Statistical and Machine learning methods: Neural networks, generalized linear models, support vector machines, hidden Markov models [6], clustering techniques Dimension reduction techniques: PCA, tSNE, UMAP, canonical correlation analysis Optimization and sampling methods: (Stochastic) gradient descent methods, Expectation-Maximization, variational inference, Markov Chain Monte Carlo

5. Desirable skills and qualifications:

  • A background in Statistics / Mathematics / Physics / Computer Science / Computational Biology
  • Experience with R, Python, Matlab etc. A high awareness of quality in statistical data analysis (reproducibility, reliability, interpretability)
  • Interest in interdisciplinary research, interest in modeling biological processes

6. References:

  1. Sun M, Schwalb B, Pirkl N, Maier K, Failmezger H, Tresch A, Cramer P. Global analysis of mRNA degradation reveals Xrn1-dependent buffering of transcript levels. Mol. Cell 2013.

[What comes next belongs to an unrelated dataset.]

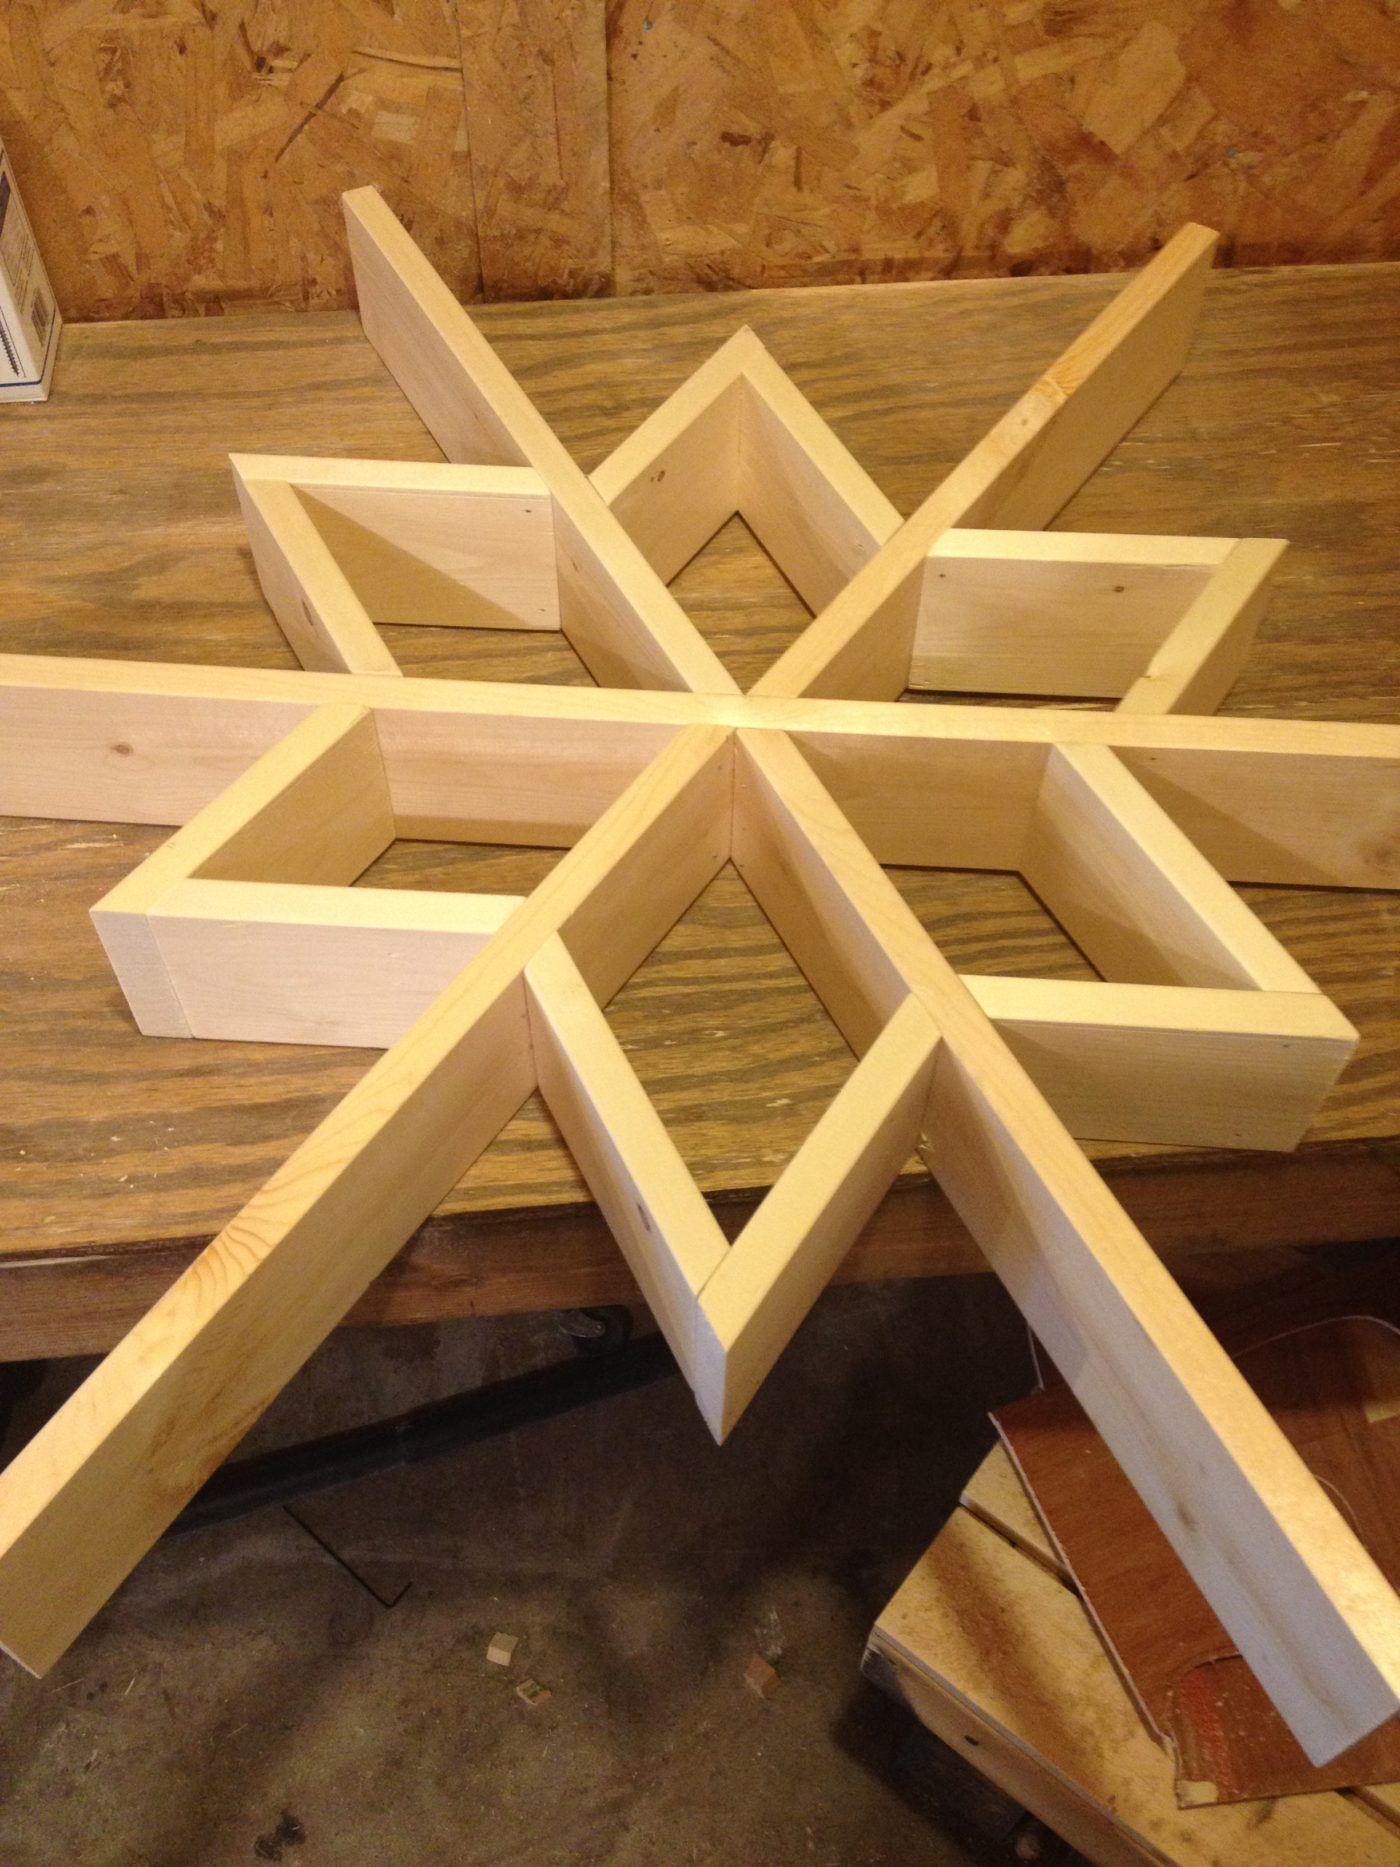 wall shelf assembly in progress--triangles attached to main frame

  2. Miller C, Schwalb B, Maier K, Schulz D, Dümcke S, Zacher B, Mayer A, Sydow J, Marcinowski L, Dölken L, Martin D, Tresch A (co-correspondence), Cramer P. Dynamic transcriptome analysis reveals dynamics of mRNA synthesis and decay in yeast. Molecular Systems Biology, 2011.

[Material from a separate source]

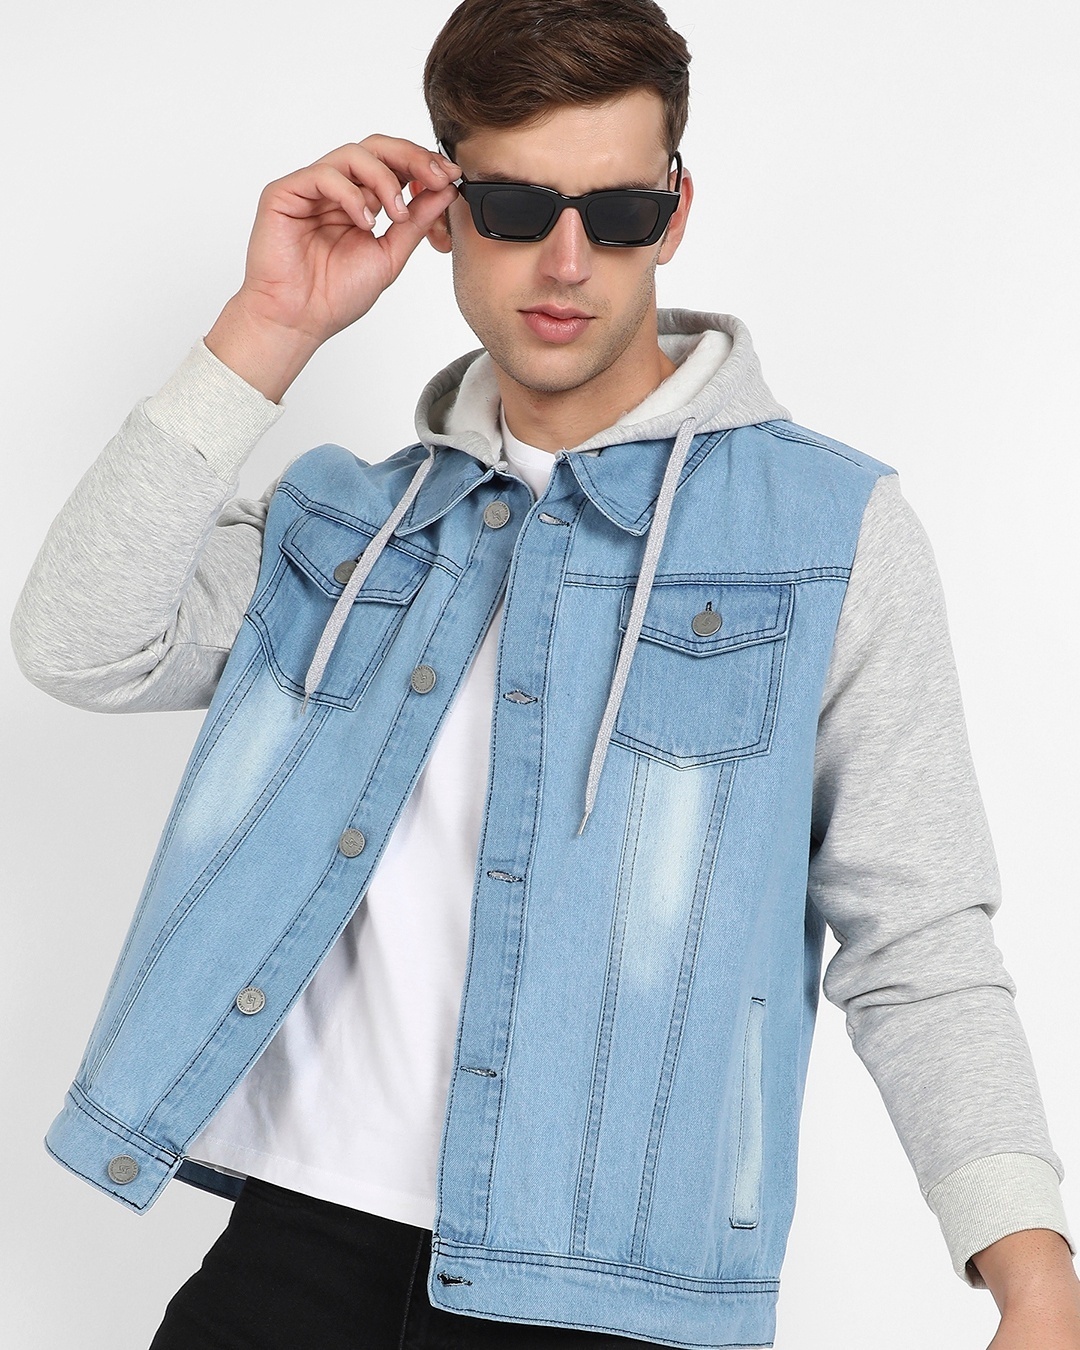 Tips For How To Wear A Denim Jacket With Jeans: Style Guide

  3. Schwalb, B, Margaux, M, Zacher B, Fühauf K, Demel K, Tresch A, Gagneur J, Cramer P. TT-seq maps the human transient transcriptome, Science 2016.

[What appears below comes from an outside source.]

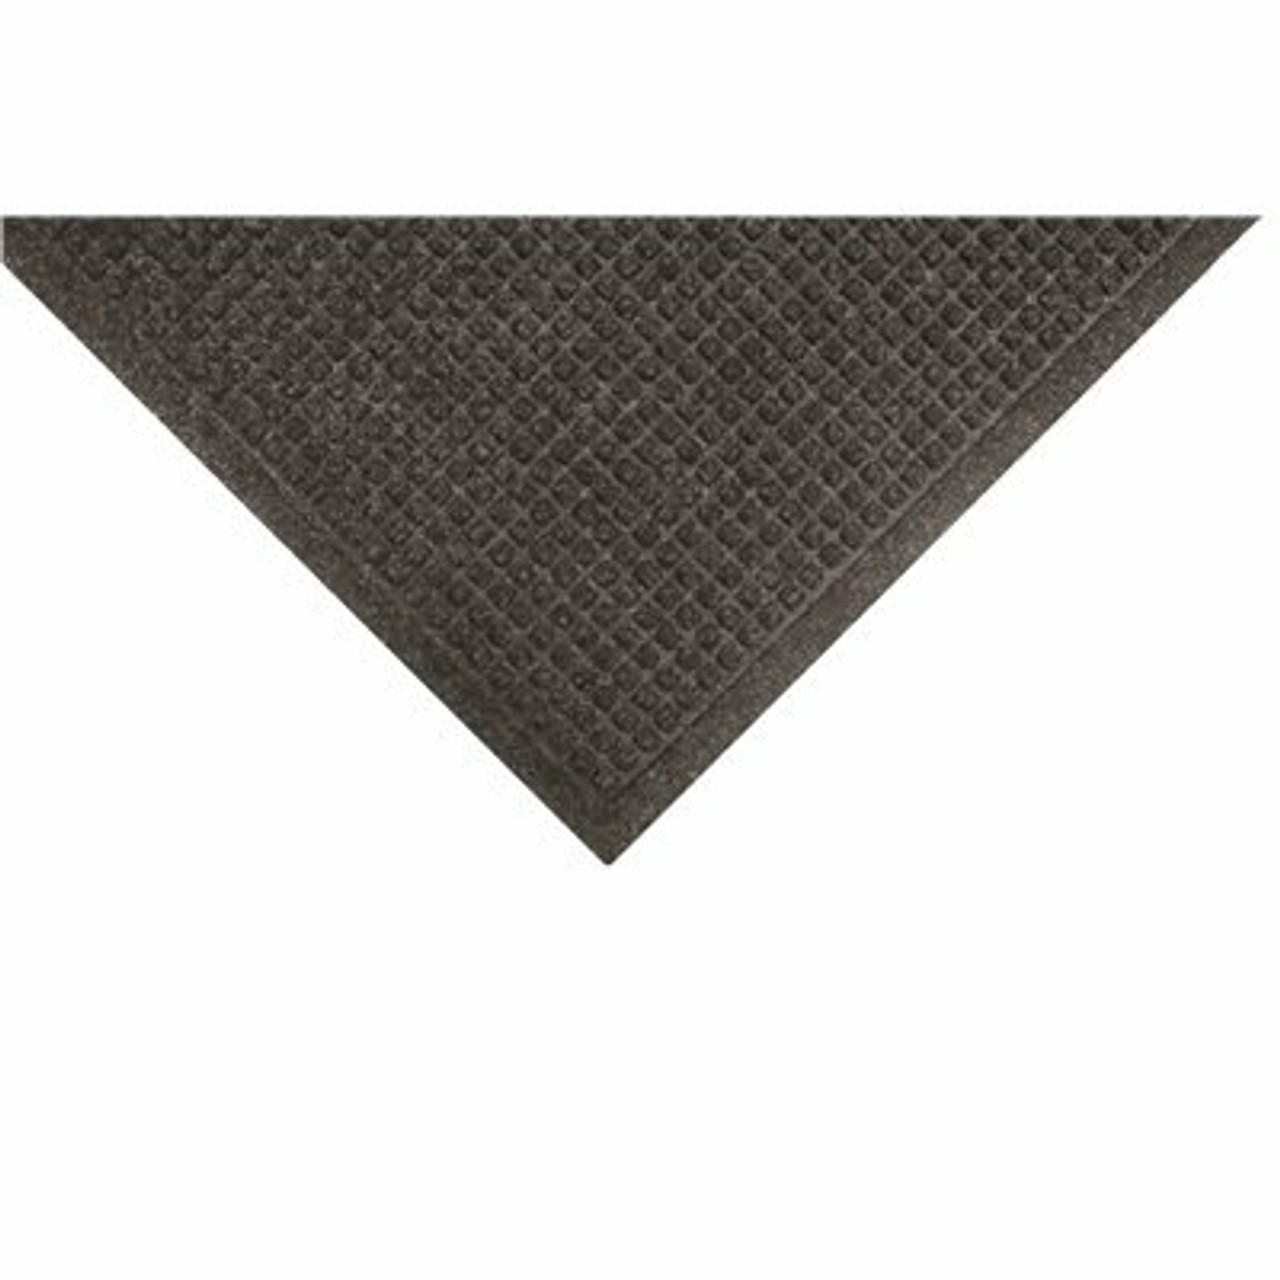 M+A Matting Waterhog Fashion Charcoal 116 In. X 35 In. Commercial Floor Mat

  4. Anna Katharina Schlusche, Sabine Ulrike Vay, Niklas Kleinenkuhnen, Steffi Sandke, Rafael Campos-Martin, Marta Florio, Wieland Huttner, Achim Tresch, Jochen Roeper, Maria Adele Rueger, Igor Jakovcevski, Malte Stockebrand. Developmental HCN channelopathy results in decreased neural progenitor proliferation and microcephaly in mice. To appear in PNAS. Preprint on Bioarxiv: doi: doi.org/10.1101/2021.04.24.441237
  5. Failmezger H, Zwing N, Tresch A, Korski K, Schmich F. Computational Tumor Infiltration Phenotypes Enable the Spatial and Genomic Analysis of Immune Infiltration in Colorectal Cancer. Front Oncol. 2021 Mar 15;11:552331. doi: 10.3389/fonc.2021.552331. PMID: 33791196; PMCID: PMC8006941.
  6. Zacher B, Lidschreiber M, Cramer P, Gagneur J, Tresch A. Annotation of directed genomic states unveils variations in the Pol II transcription cycle, Molecular Systems Biology 2014.